> [DATA SHOWN]
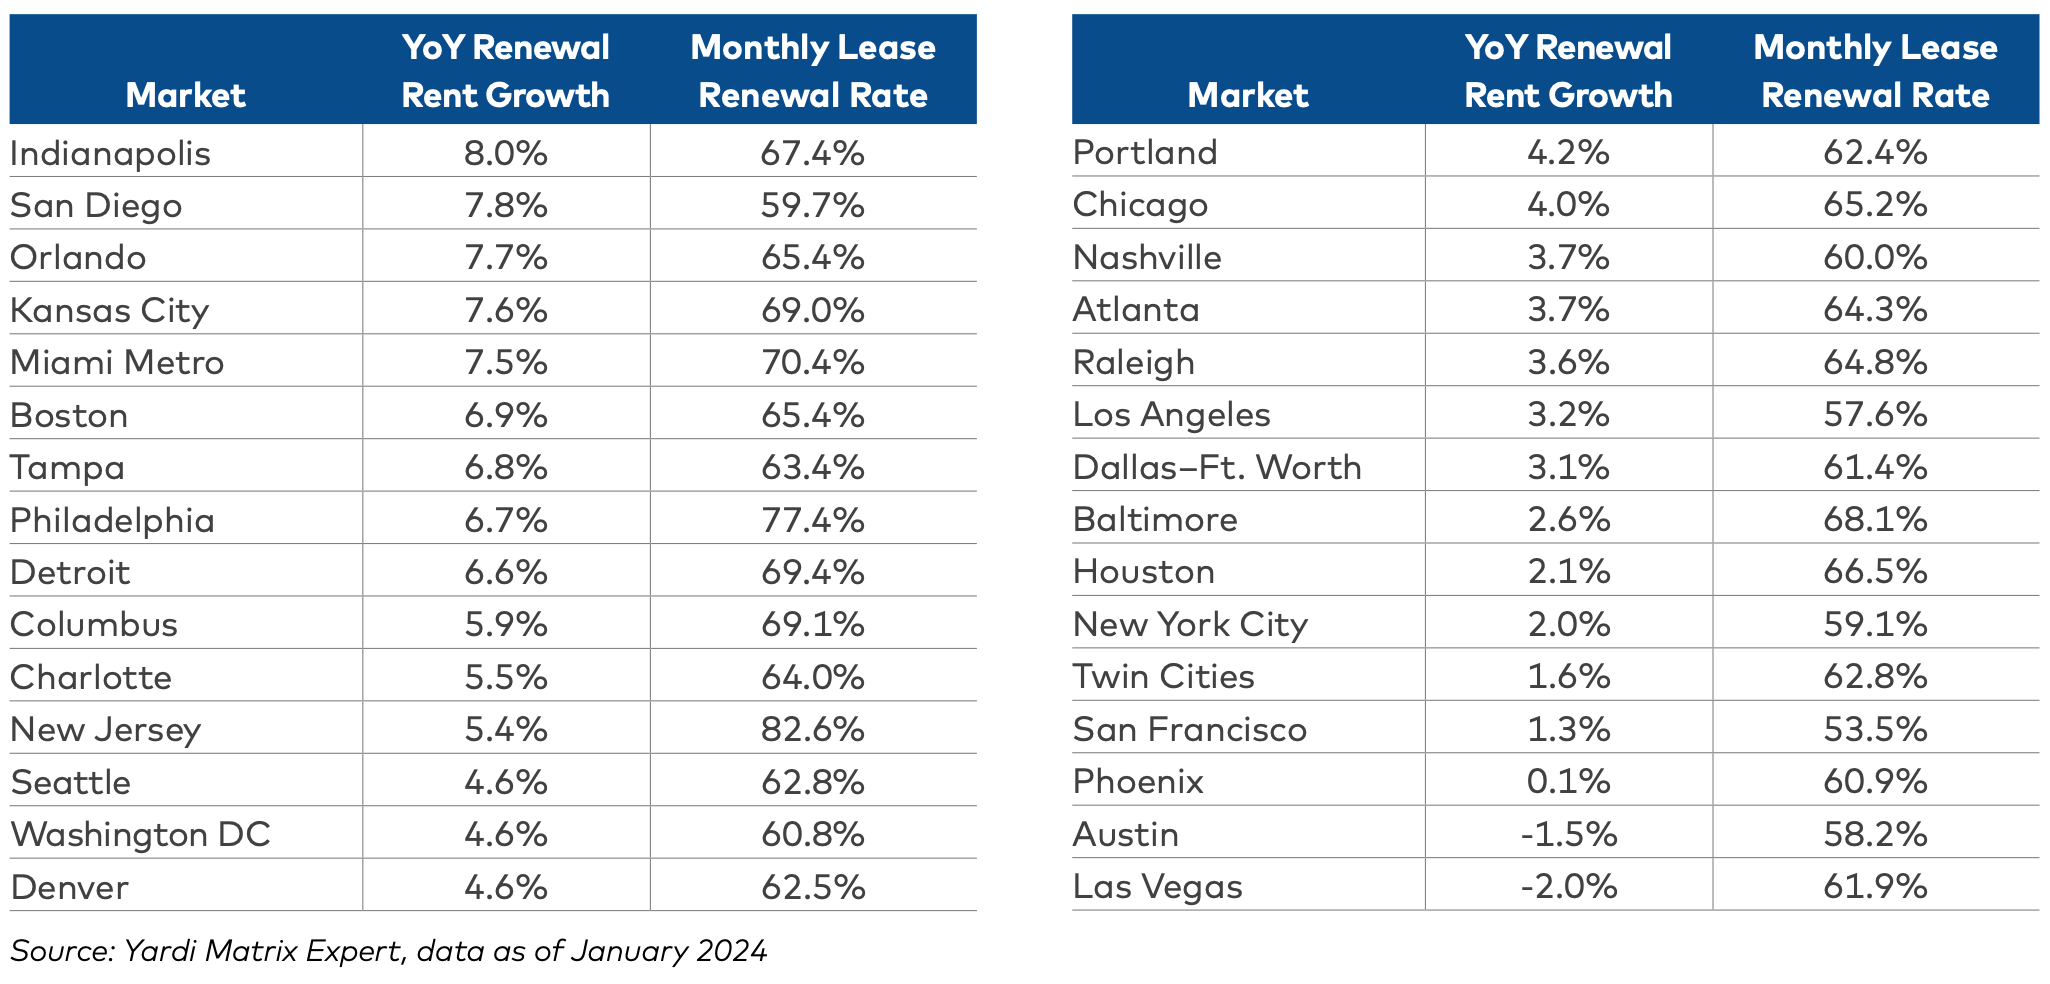 Renewal rent growth and monthly lease renewal rates in top metros.
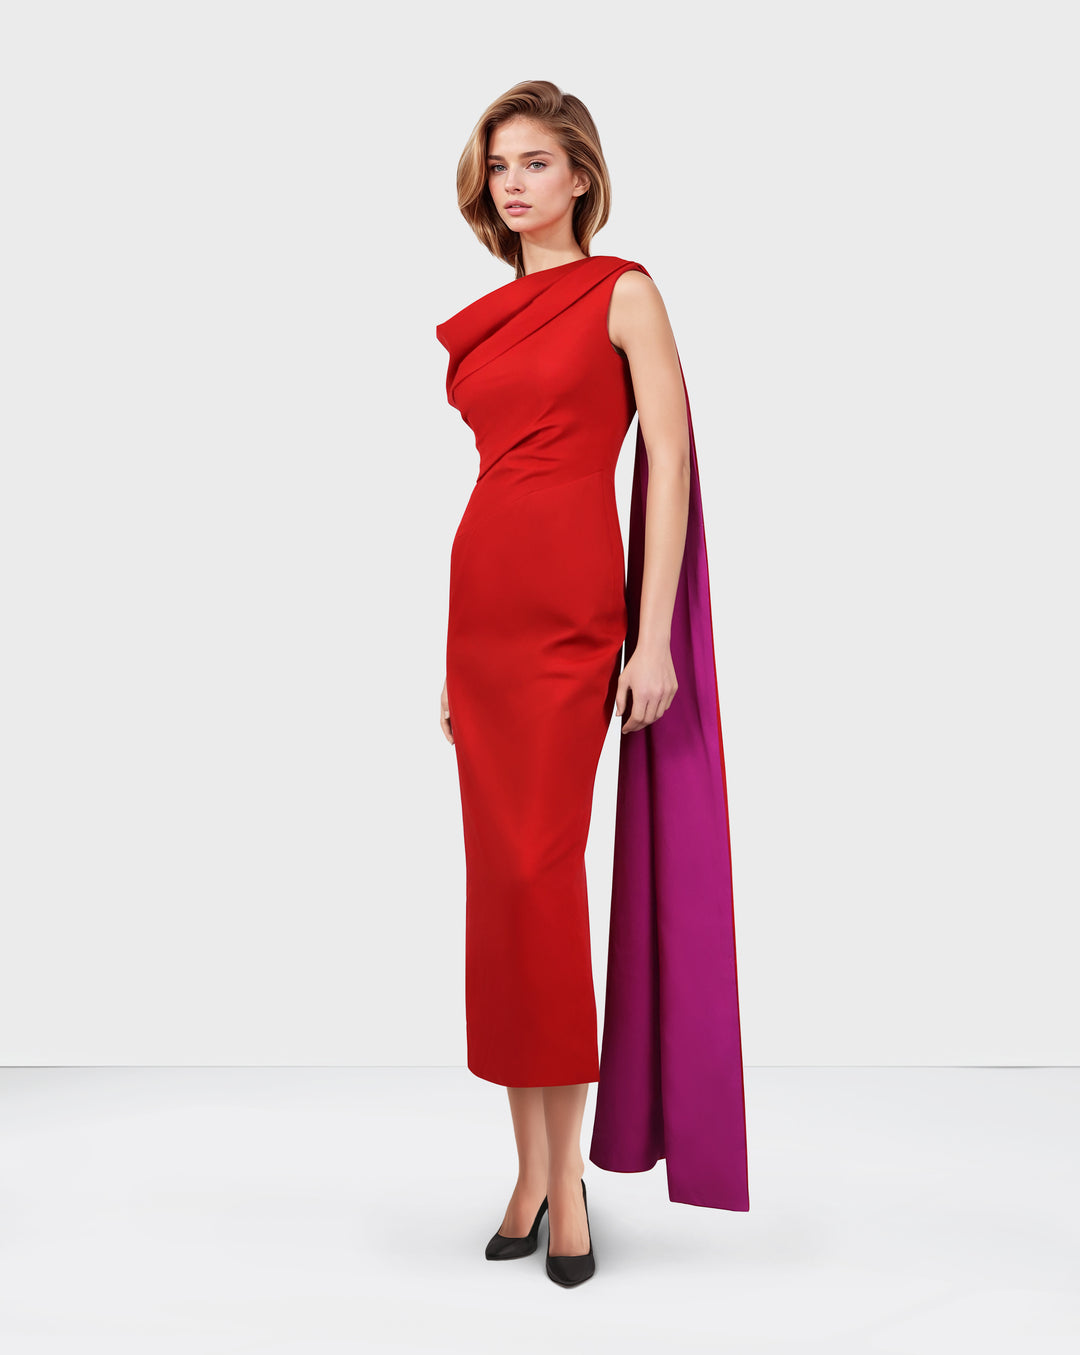 Red shoulder off dress with side cape - ROLOH
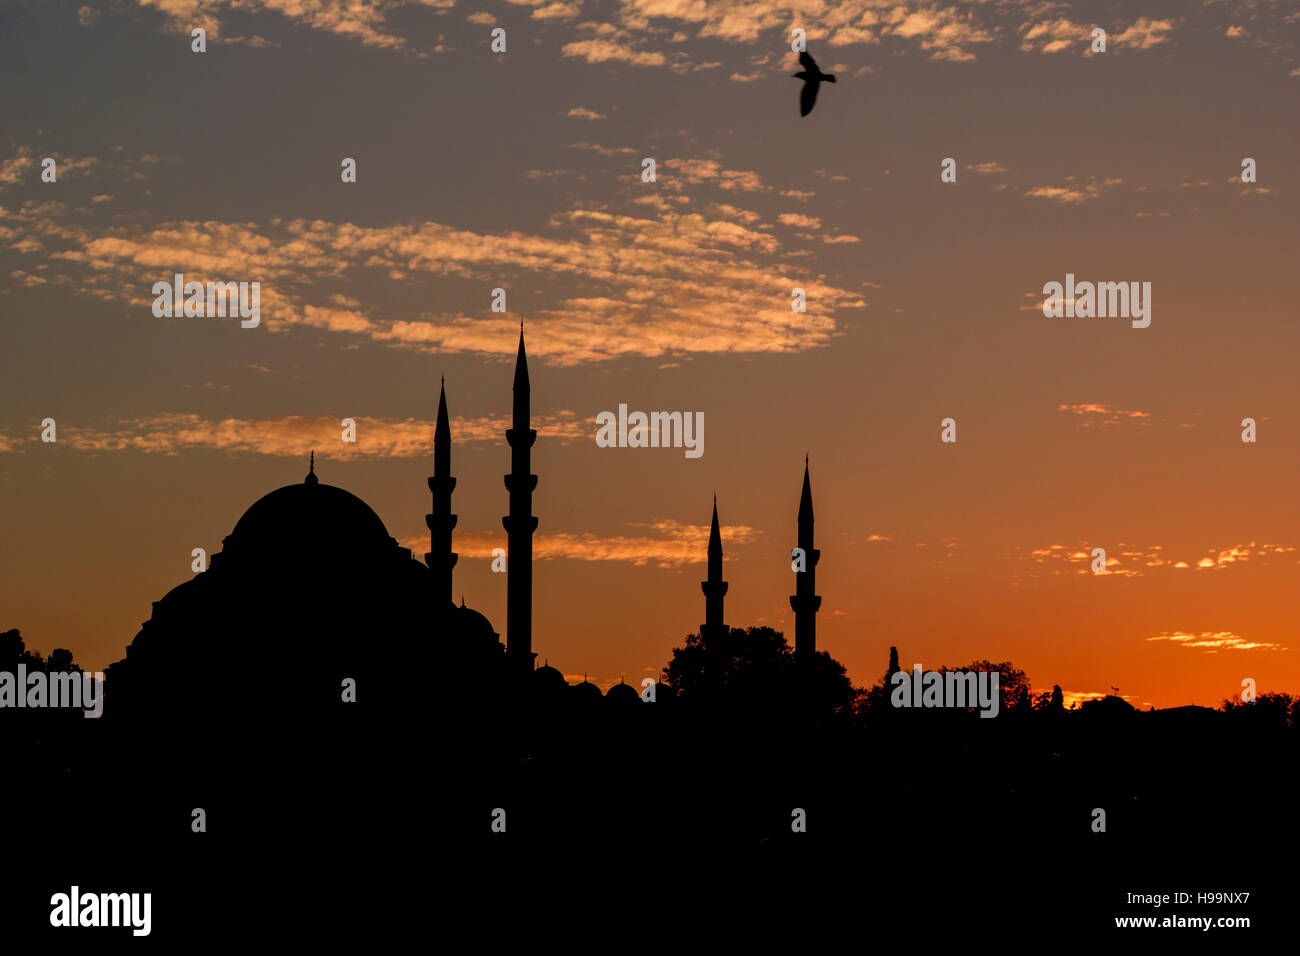 silhouette view of a mosque in istanbul Stock Photo

> [DIRECTIONS] From the line containing "Red shoulder off" down to the last line of the data, print every line exactly and nothing else. Pictures stay out of the copy.

> [RESULT OF THE TASK]
 Red shoulder off dress with side cape - ROLOH
 silhouette view of a mosque in istanbul Stock Photo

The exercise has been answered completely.